Ollama-OCR, a new open-source tool with 2.3k GitHub stars, converts scanned documents into clean markdown using local vision models. It runs entirely offline via Ollama, supporting models like llava, llama 3.2 vision, and granite3.2-vision.
Key facts
- 2.3k GitHub stars as of announcement.
- Supports 5+ vision models: llava, llama 3.2 vision, granite3.2-vision, moondream, minicpm-v.
- Output formats: markdown, plain text, JSON, tables, key-value pairs.
- Batch processing with parallel execution and progress tracking.
- Includes Streamlit web app for no-code usage.

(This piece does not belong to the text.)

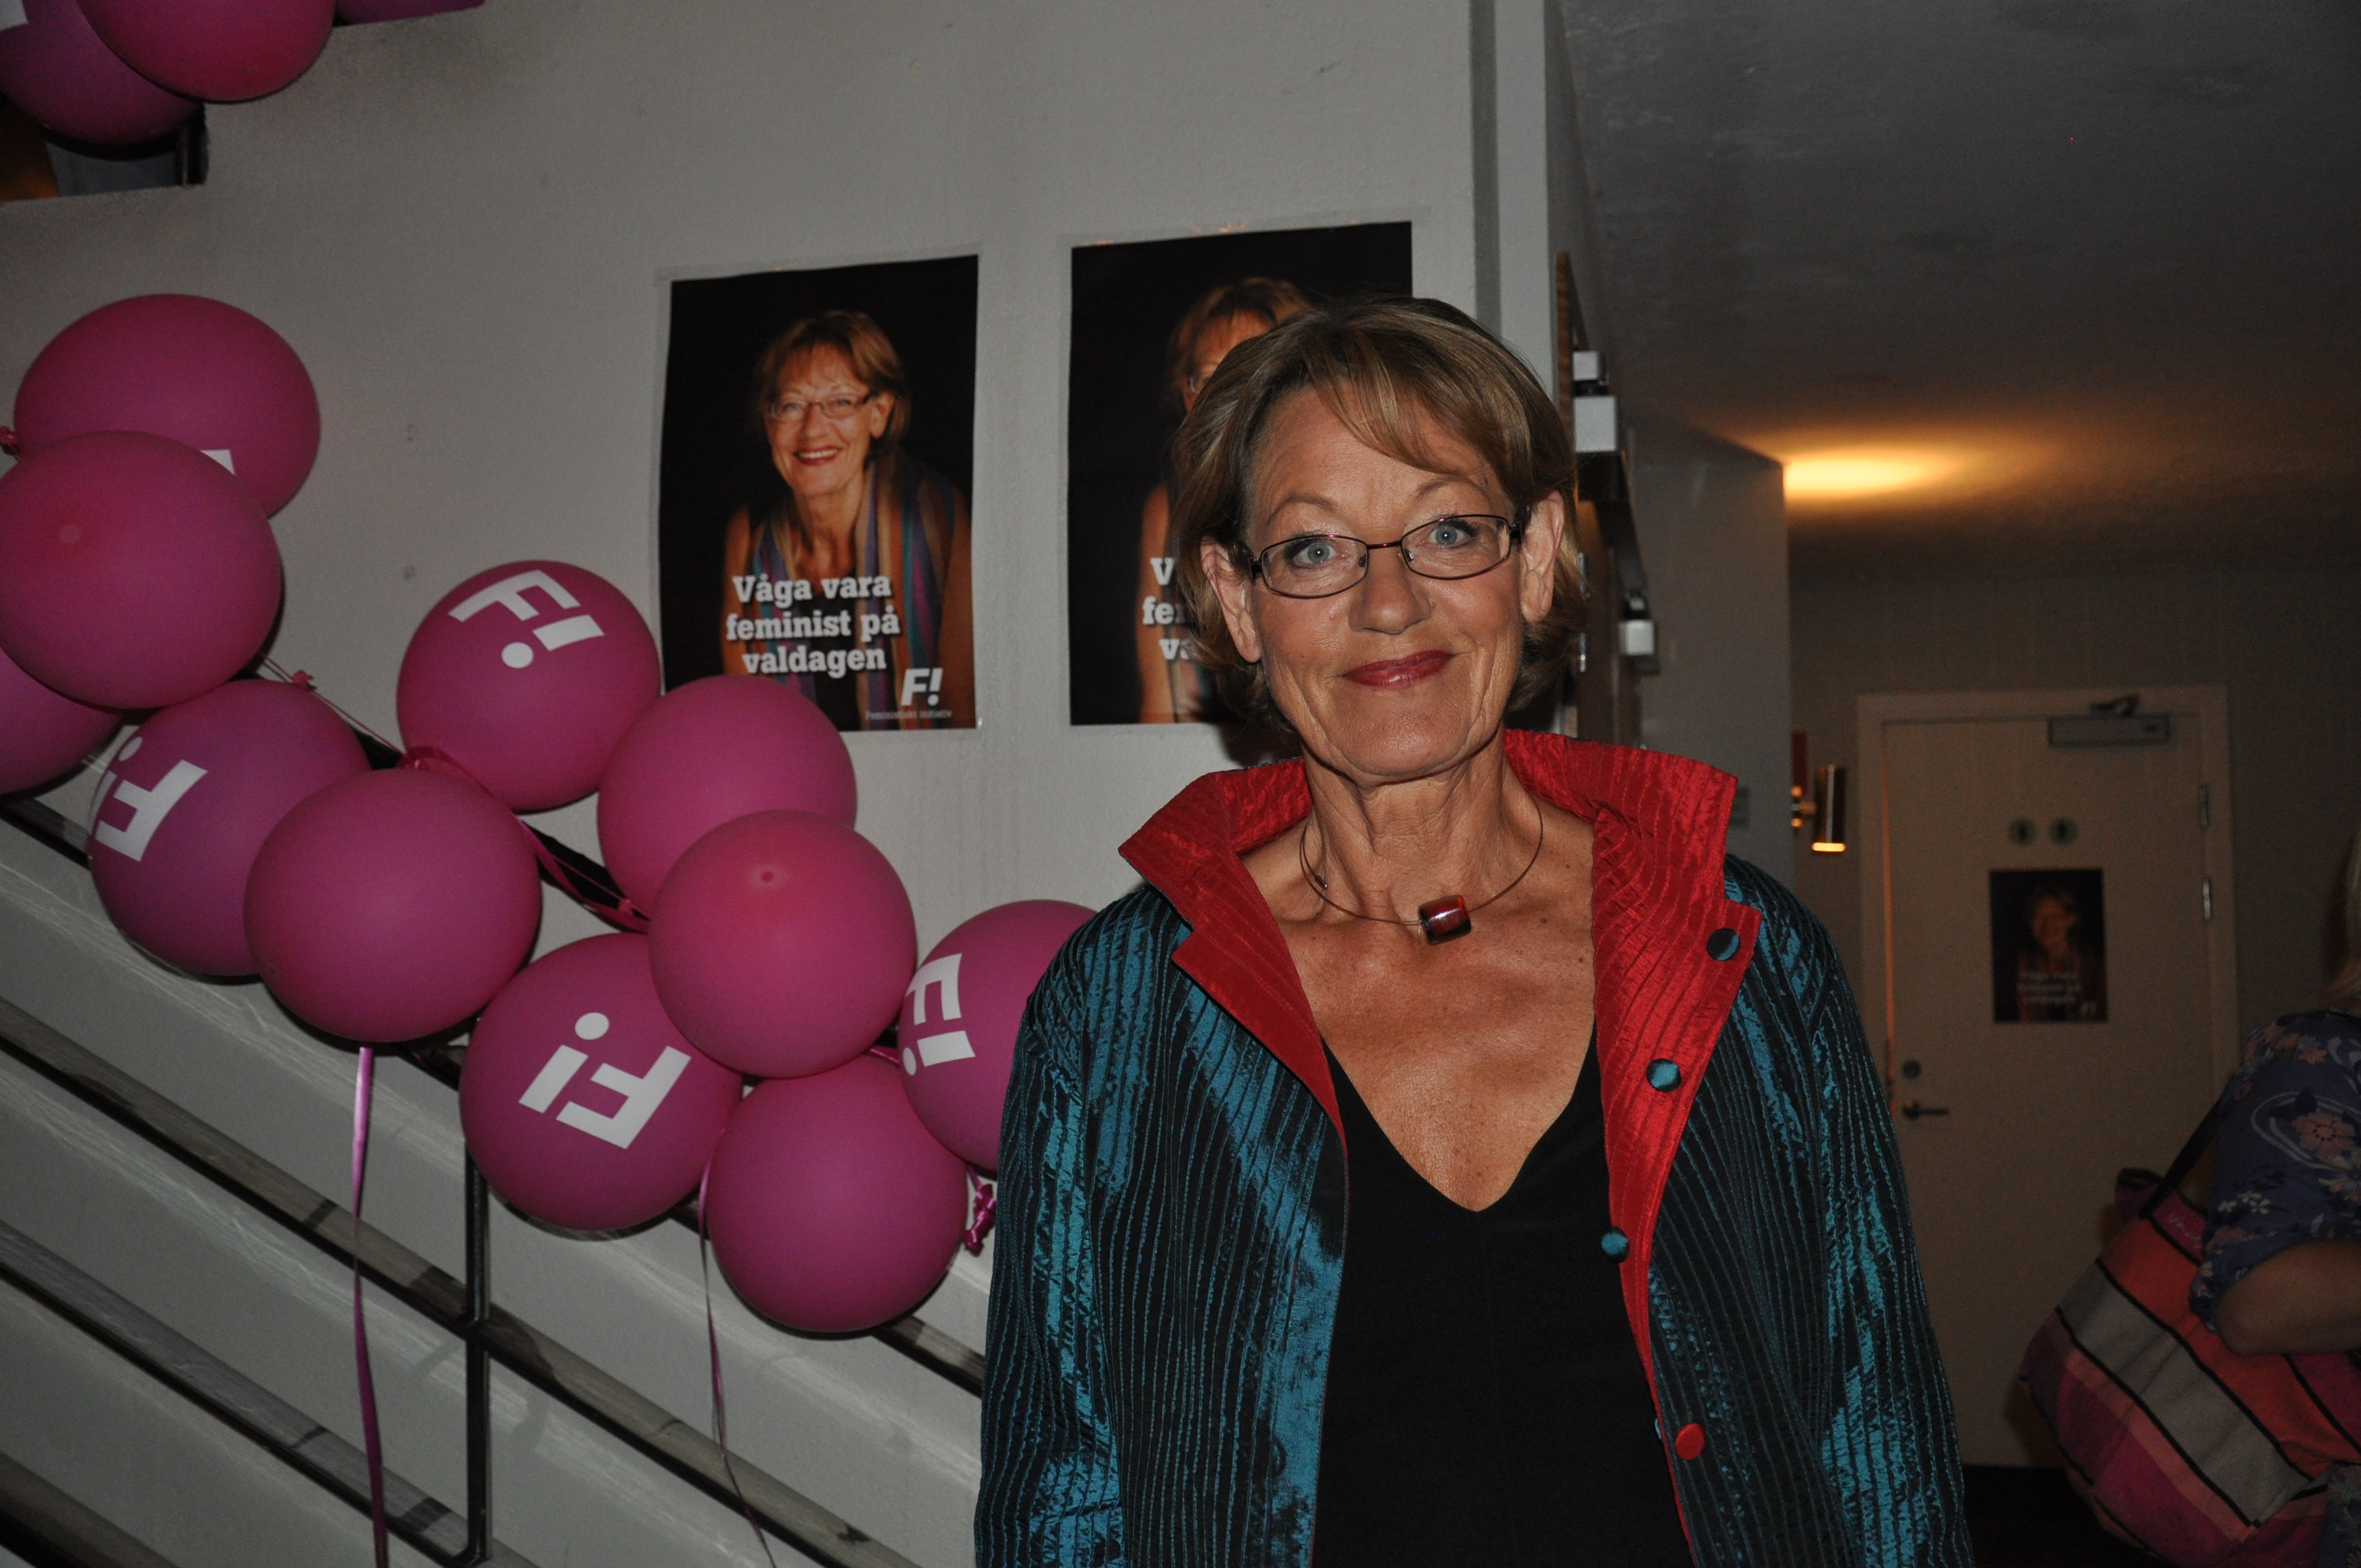 Gudrun Schyman, talesperson för feministiskt initiativ poserar med sig själv i bakgrunden.

Ollama-OCR is an open-source utility that extracts text from scanned documents and images by leveraging Ollama's local vision models. According to @_vmlops, the tool eliminates reliance on cloud APIs or paid OCR subscriptions, processing everything on the user's machine.
How It Works
Users can swap between models such as llava, llama 3.2 vision, granite3.2-vision, moondream, and minicpm-v to balance speed and accuracy. Output formats include markdown, plain text, JSON, structured tables, and key-value pairs. The tool supports batch processing of entire folders in parallel with built-in progress tracking, and includes image preprocessing before feeding data to the model. A Streamlit web app is bundled for those who prefer a graphical interface over the command line.
Local-First Advantage
Ollama-OCR's key differentiator is its local-first architecture. Unlike cloud-based OCR services (e.g., Google Cloud Vision, AWS Textract), no data leaves the user's machine. This makes it attractive for privacy-sensitive workflows in legal, medical, and enterprise document processing. The tool is installed via pip and requires only an existing Ollama installation with a compatible vision model.
Unique Take
Ollama-OCR is not a new model but a lightweight orchestration layer that commoditizes OCR by abstracting away model switching. Its real value is in the flexibility to switch between vision models without code changes, and the ability to batch process documents locally. This mirrors the broader trend of "model-agnostic tooling" that lets users pick the best model for each task without vendor lock-in. The 2.3k stars suggest strong early adoption among developers who want to avoid cloud costs and data privacy risks.
Limitations
The tool's accuracy and latency depend entirely on the chosen vision model. High-accuracy models like llama 3.2 vision may be slower on CPU-only machines. The source does not disclose performance benchmarks or supported image formats beyond standard scanned documents.
Key Takeaways
- Ollama-OCR extracts text from scanned docs locally using Ollama vision models.
- 2.3k stars, no cloud APIs needed.
What to watch

Watch for benchmark comparisons between Ollama-OCR and cloud OCR services (Google Cloud Vision, AWS Textract) on accuracy and speed. Also monitor GitHub star growth and contributions, which could indicate enterprise adoption for local document processing.